So I dropped my load off on time in Wichita (at the Love Box paper company, no less) and by that time I had a preplan taking me a few miles away to the local Coca Cola bottler up to Lenexa, Kansas. The plan had my appointment time as 1530 and I showed up at 1526 — a squeaker, but I was there on time.
Then everything went downhill. I checked in with the Coke folks and they took down my information and gave me directions where I needed to take my truck (a nearby side street) to wait with “the other trucks”. Never a good sign.
Worse, I pull around a corner to find a long line of trucks snaking back several city blocks in a quasi-residential area. By odd circumstance, the truck driver that unloaded just before me at the paper place was here waiting in line, again just before me.
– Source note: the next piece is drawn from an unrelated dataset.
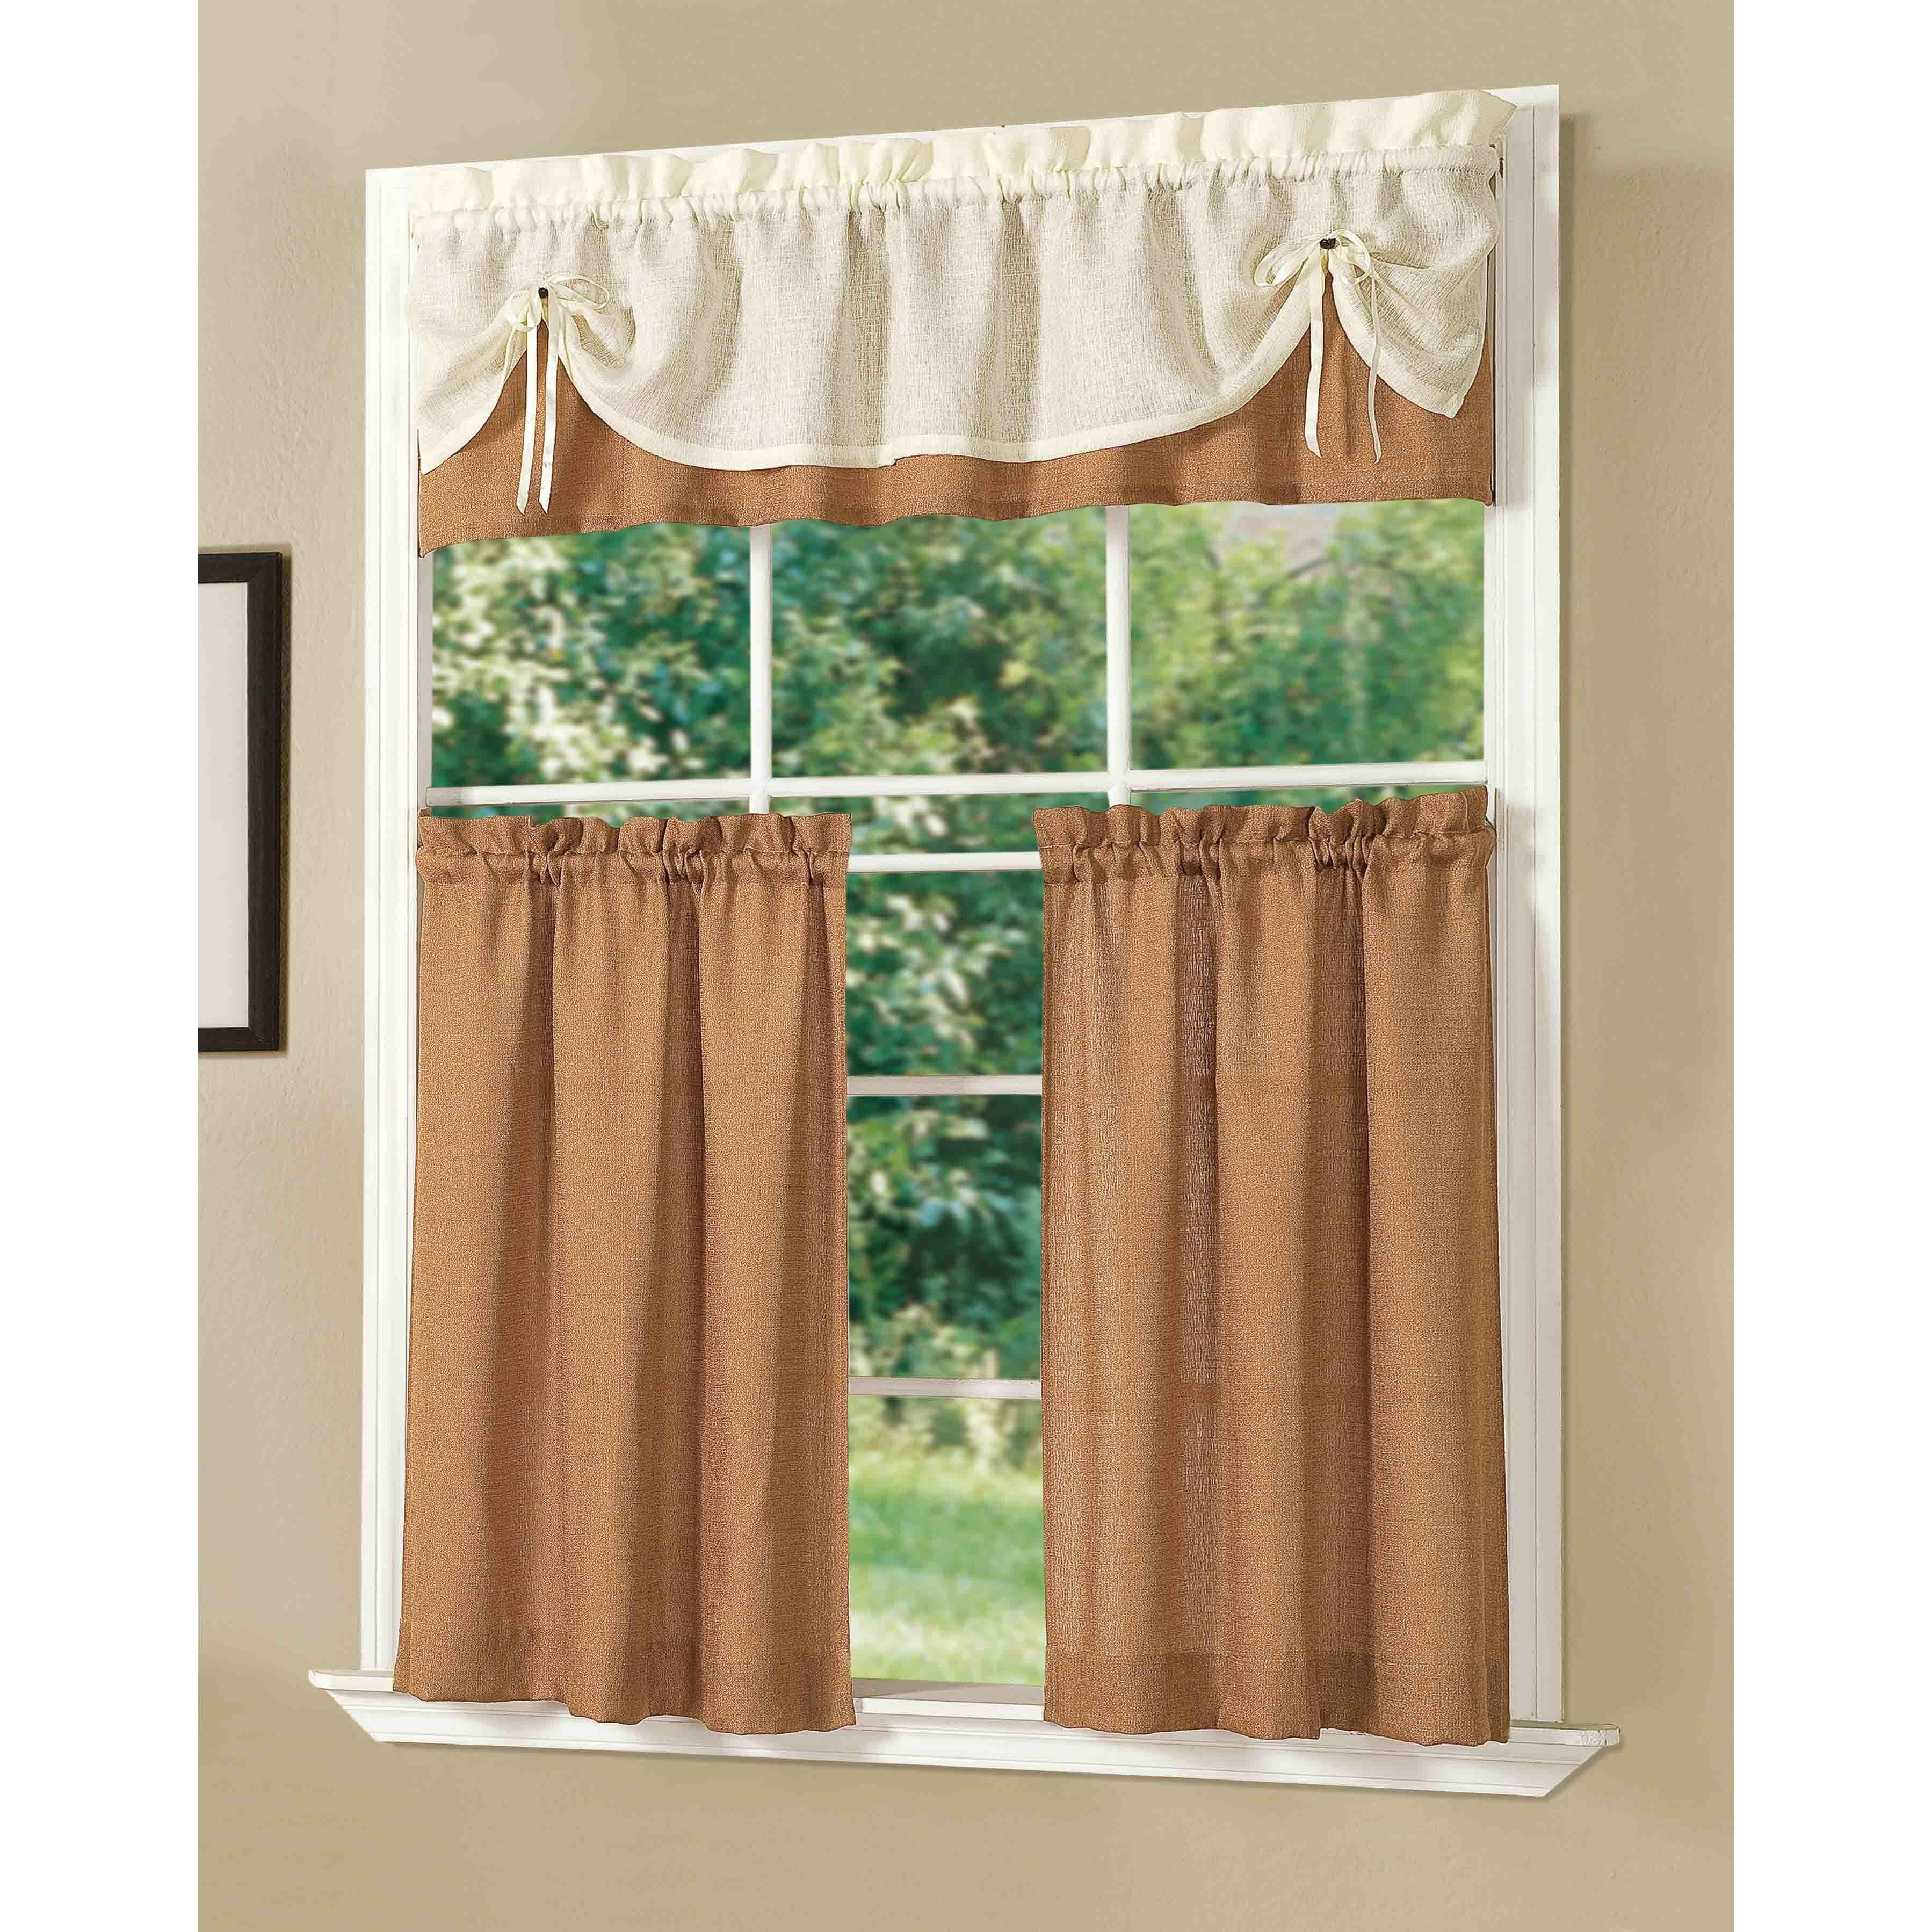 Dainty Home Kitchen Sunrise Curtain Set & Reviews

Slowly, trucks were called to the docks and the line edged forward. Sundown came and went and the trucks kept creeping forward every hour or so. The guy just in front of me gets called to the dock and now I’m ready to go get loaded, even though its 10 PM or so. But no, a truck behind me gets called up. Then another. I complain to the Coke folks and it turns out they didn’t find the order number I gave (it is a brokered load, ’nuff said for any truck driver) and I was arbitrarily dropped from the list without notice.
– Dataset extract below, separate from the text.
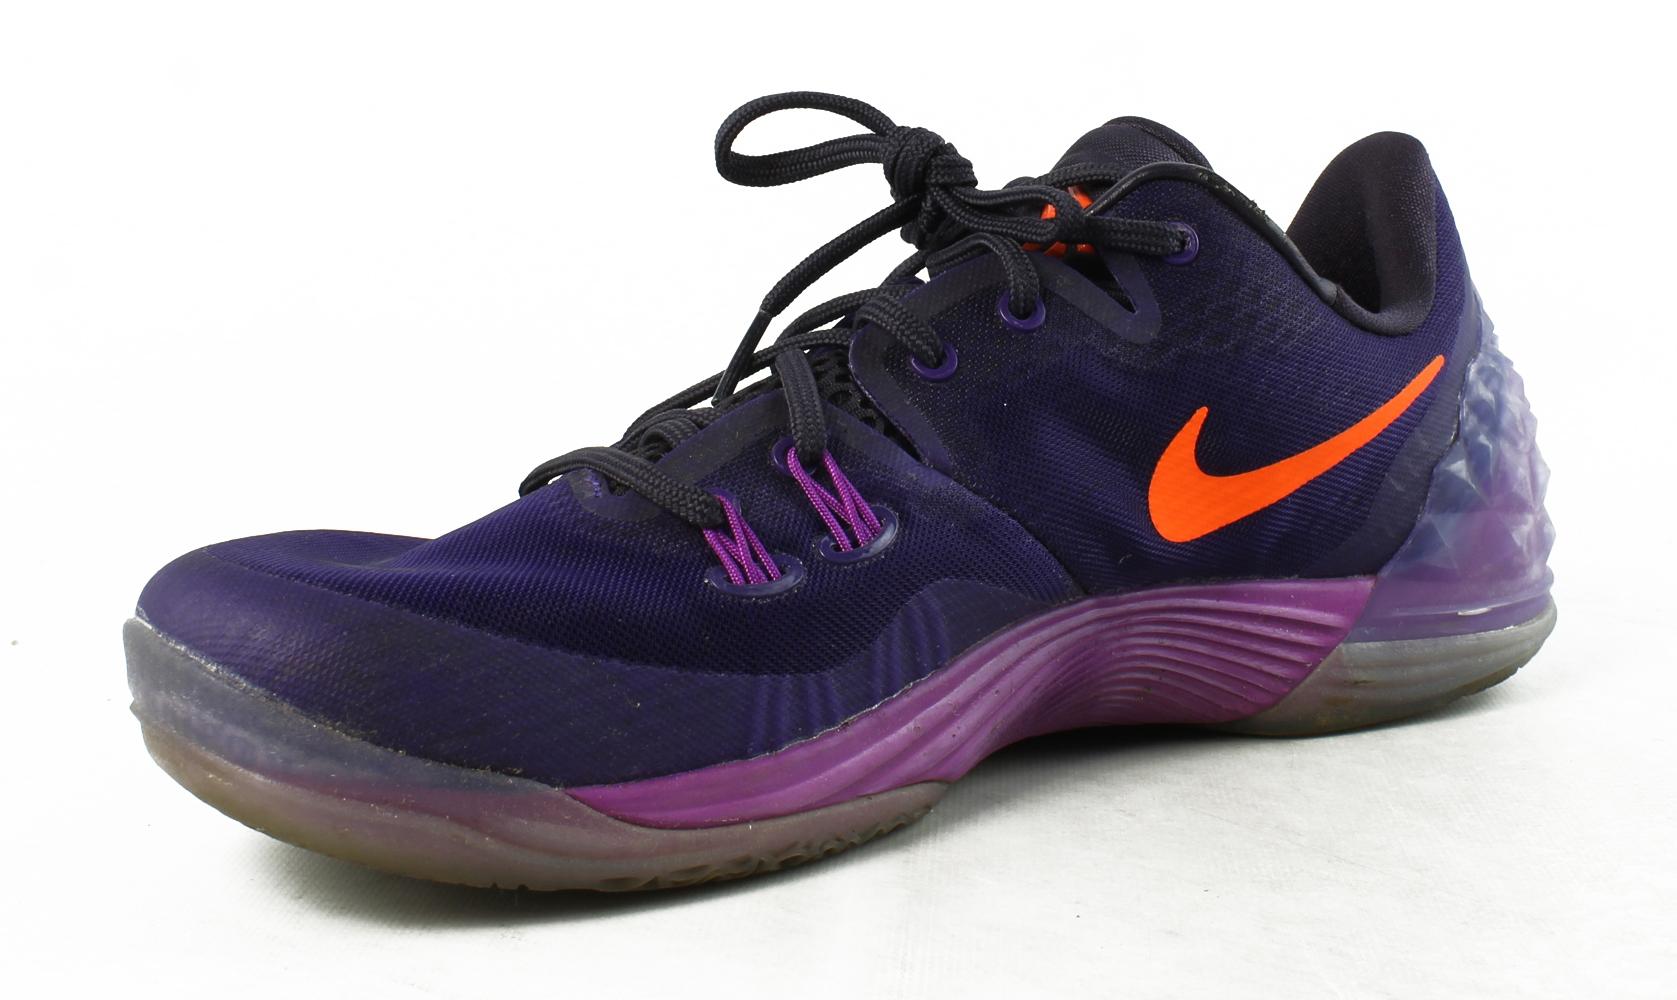 Nike - mens - 10,5 lila laufschuhe größe 10,5 - (351805) 47c2ad

Now slightly pissed off I harangued night dispatch at HQ, the broker and the Coke folks until eventually we decided what load number I would actually be pulling. Jesus on a T-Rex this business is so retarded sometimes.
I get called to the dock, only to realize that I’m the only truck LEFT at the place. I didn’t need blood pressure drugs before I started, doctor, why do I need them now?
My bumper touched their dock around 11 PM and I was loaded and ready to go right around 1:30 AM the next morning. Effing brokered loads.
I had been waiting around all day, though unable to sleep because the trucks had to inch forward periodically. The load itself had to be about 180 miles away by 0600, meaning I had to head out exhausted and head down the highway with a couple 30 minute power naps to revive me.
The Coke place in Lenexa (suburb of Kansas City) got me into a door right away and unloaded pretty quickly… I was so tired I was in the bunk the minute my truck was situated and didn’t even feel them unloading the plastic bottles and only awoke with them pounding on my door to give up the paperwork.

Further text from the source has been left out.